Immigration reform: CA GOP members not giving up

House Speaker John Boehner slammed the door on comprehensive immigration reform this week, saying House action on the bill already passed by the Senate is “not going to happen.” That's not stopping a pair of California Republicans from lobbying fellow GOP members on the issue.
Speaker Boehner repeated his stance that the House GOP would work on a "common sense, step-by-step" approach to immigration reform. He said he had "no intention of ever going" to a conference committee to reconcile whatever measures the House passes with the 1,300-page Senate bill.
Instead, Boehner said the House GOP would work on " a set of principles" that will help "guide" the GOP as it deals with the issue. He did not mention the piecemeal immigration bills put forth by House Republicans.

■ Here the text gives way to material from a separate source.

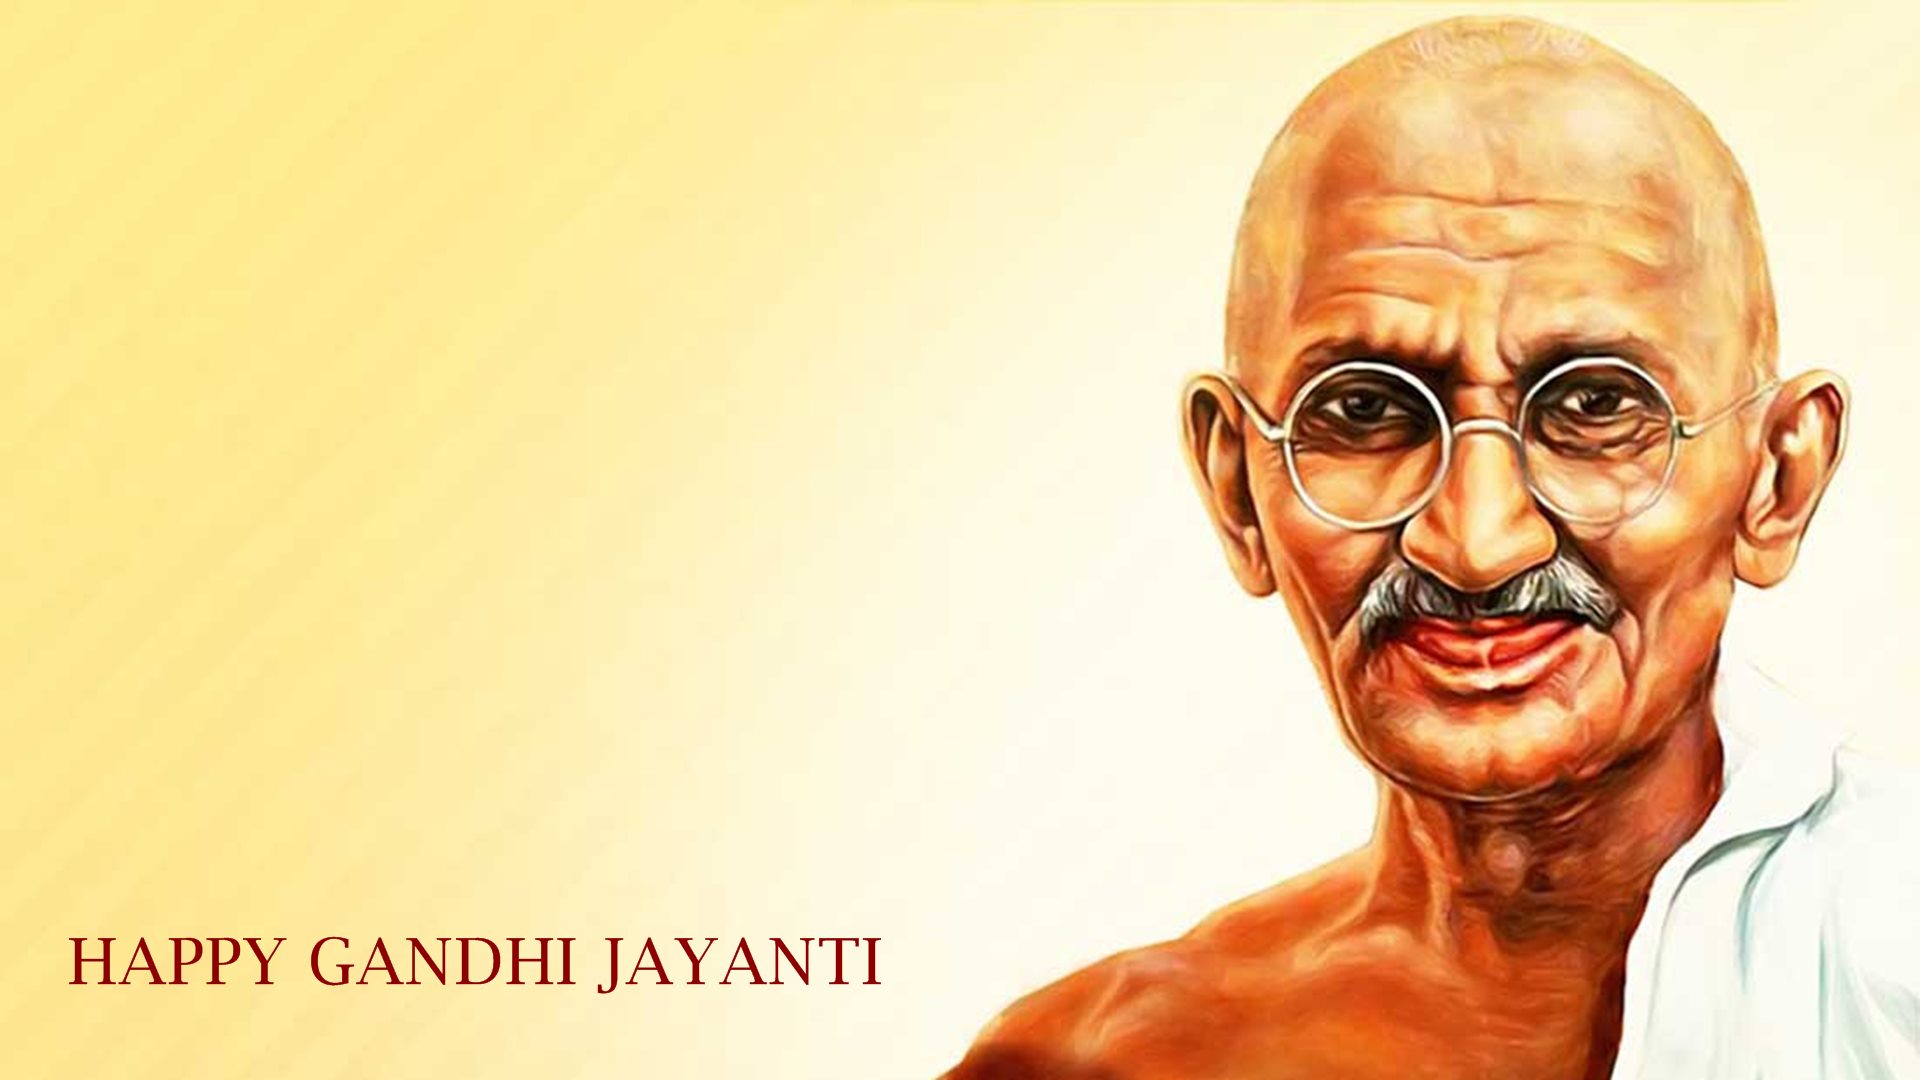 Mahatma Gandhi HD wallpapers for desktop

That hasn’t discouraged Central Valley GOP members Jeff Denham and David Valadao.
Both Congressmen are in heavily Latino districts. Both are co-sponsors of the Democrats' immigration bill, which is based on the Senate bill that passed the Judiciary Committee and includes the House version of a border security provision. In fact, Denham and Valadao are two of the three GOP members who back HR-15
Denham said he has convinced three more Republicans to back HR-15. The challenge, he says, is that health care, the fiscal crisis and a farm bill have taken precedence on Capitol Hill. He says any issue that does not have an exact timeline always gets moved. "Immigration is one of those issues," he said. "That’s one of the things that makes it difficult."
The duo is "whipping" the House floor, talking to members during votes, pushing HR-15. But Valadao said that's a "tough jump" for many members. So the pair is also pushing a letter to Speaker Boehner, urging him to take  up immigration reform. Valadao said he tries not to pressure people on any specific piece of language, urging a debate on the floor and the opportunity to vote. "Fix what they don’t like about each bill as it comes, but go through the legislative process."

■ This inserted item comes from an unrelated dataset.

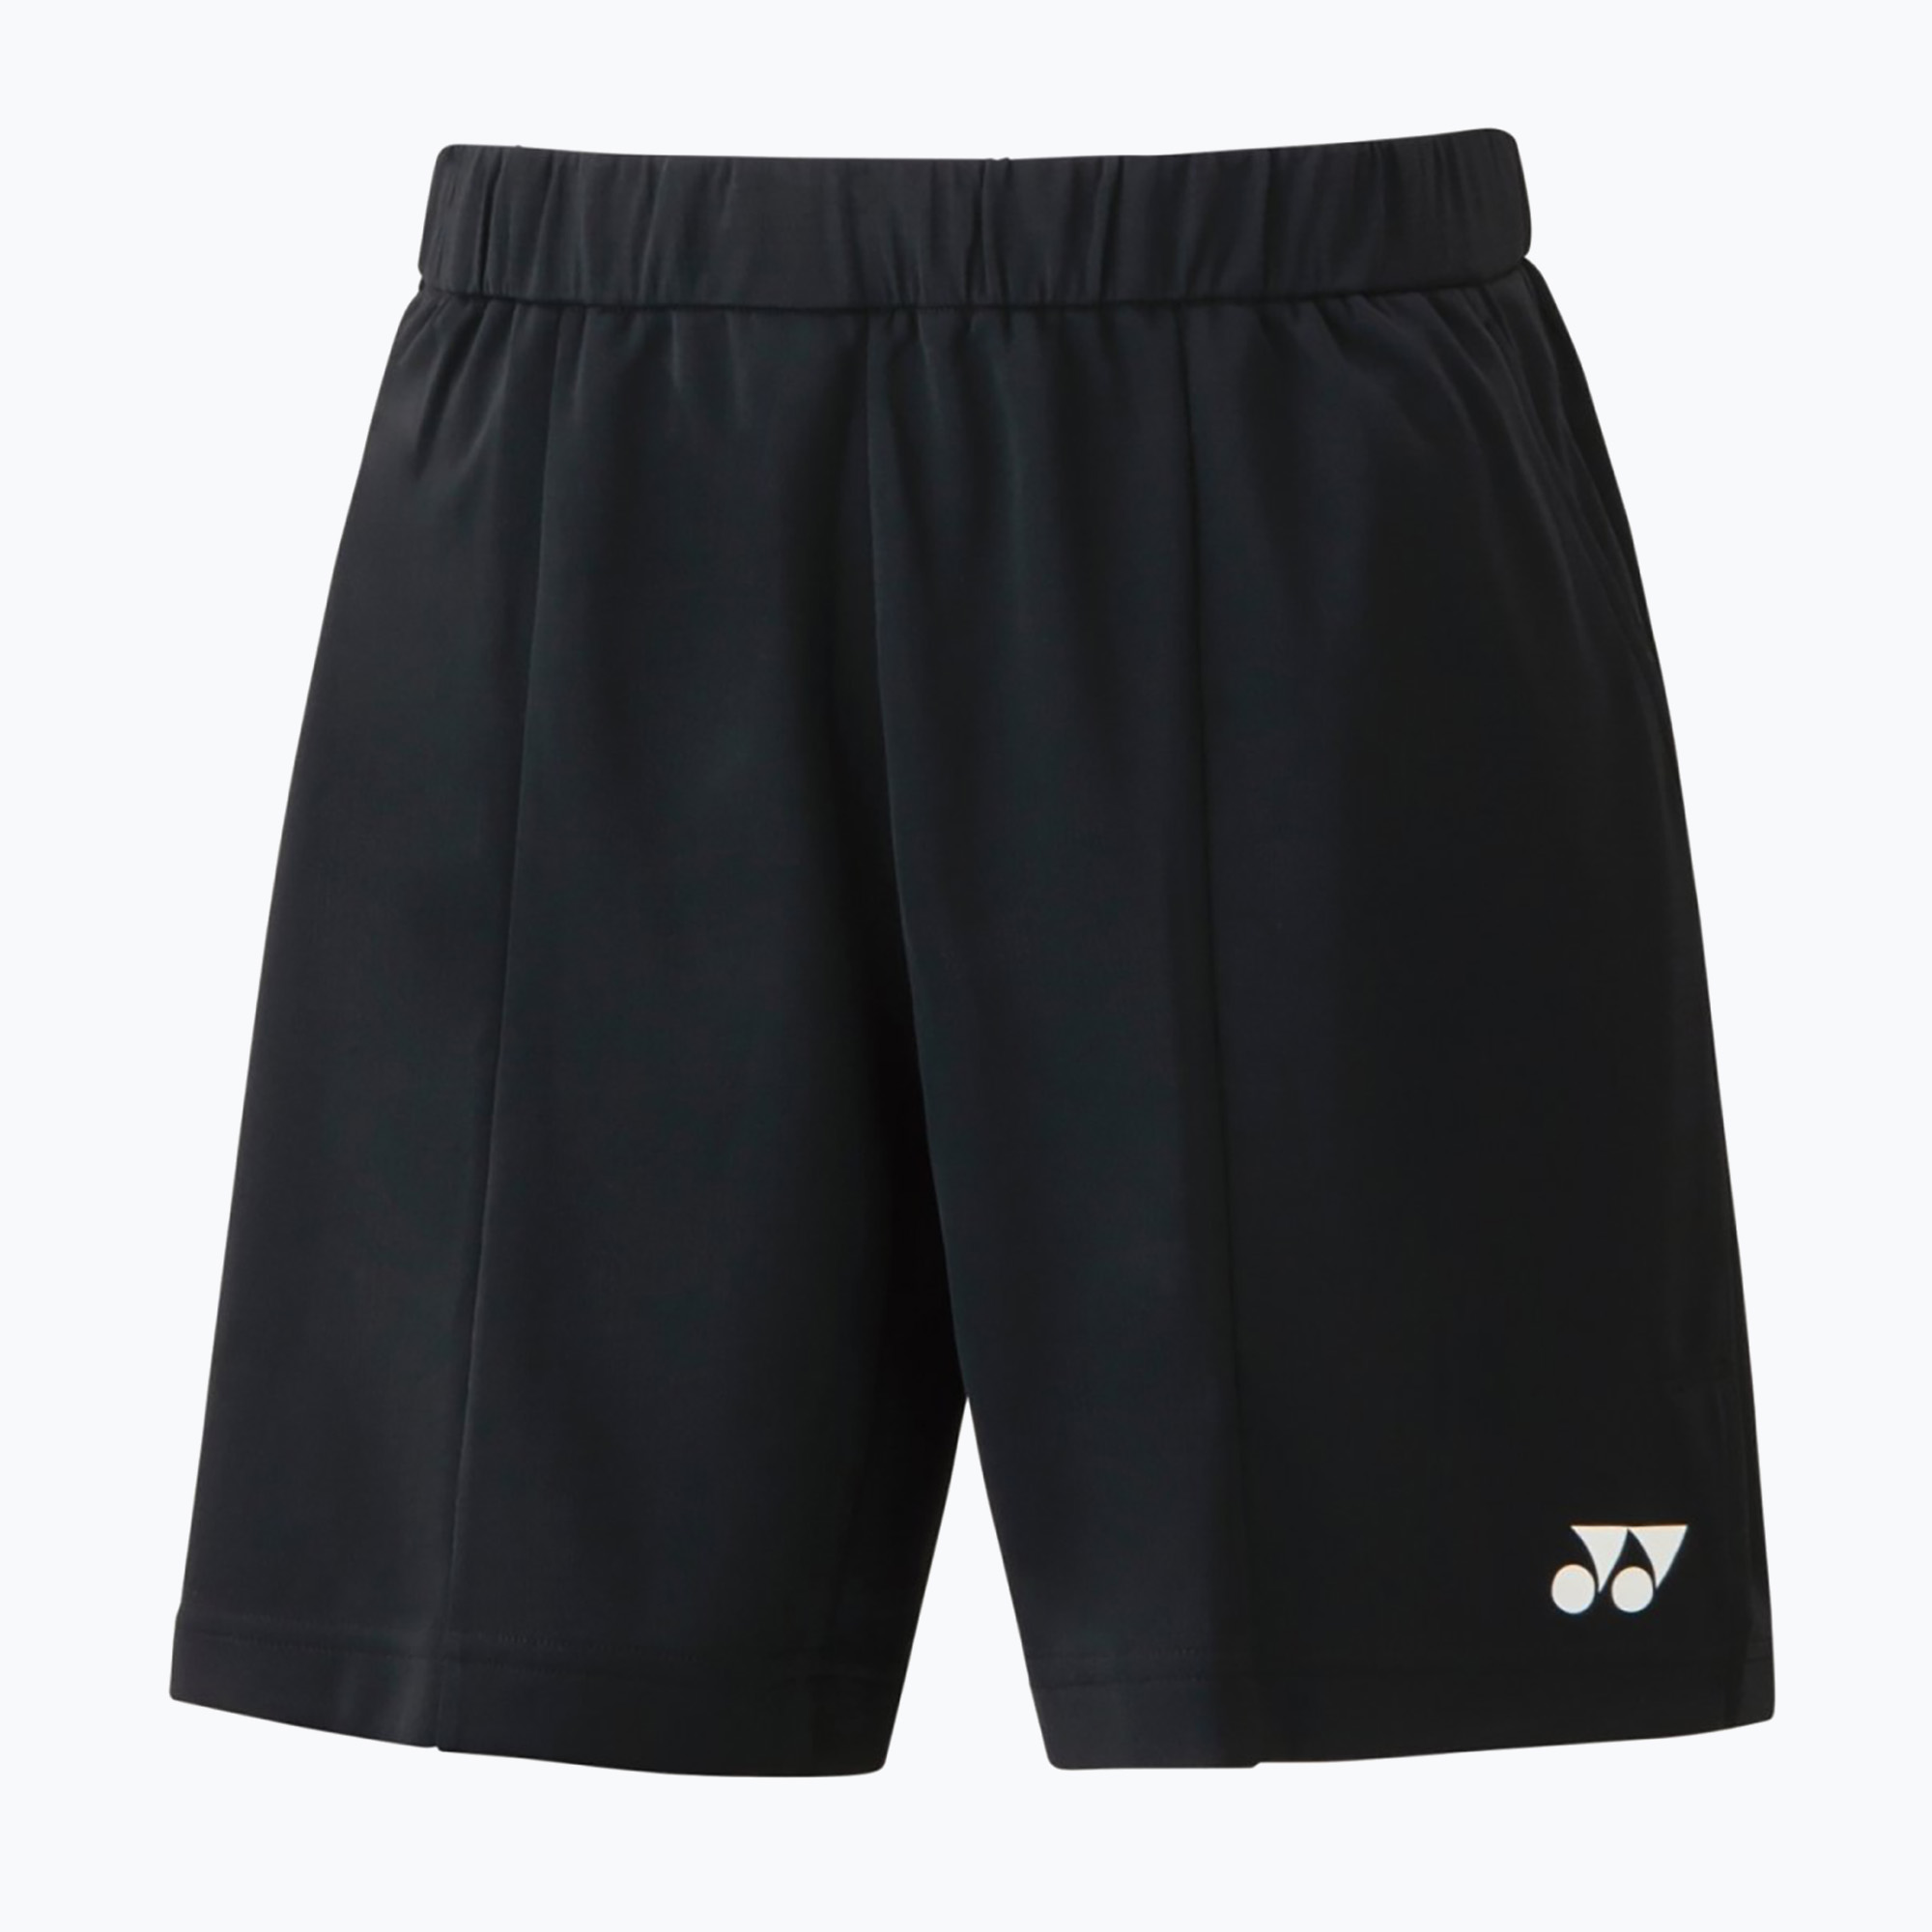 Pánske tenisové šortky YONEX Knit black CSM151383B

On Friday, the head of the campaign arm of the GOP – the National Republican Congressional Committee – said it was his "guess" that the immigration debate would happen “later next year." Next year, of course, is an election year and immigration is one of those hot button issues politicos like to avoid.
Congressman Greg Walden of Oregon, chairman of the NRCC, dismissed the notion that immigration can't be tackled in an election year. He told a breakfast gathering of reporters that most members have already staked out positions on immigration "and what they can and cannot support going into it."
NRCC spokesman Daniel Scarpinato gave a preview of how the debate is likely to play out in one word: "Obamacare." Scarpinato says the Affordable Care Act is a cautionary tale, "kind of a warning signal of what happens when you don't have a lot of transparency, when people haven't read everything that's in the bill."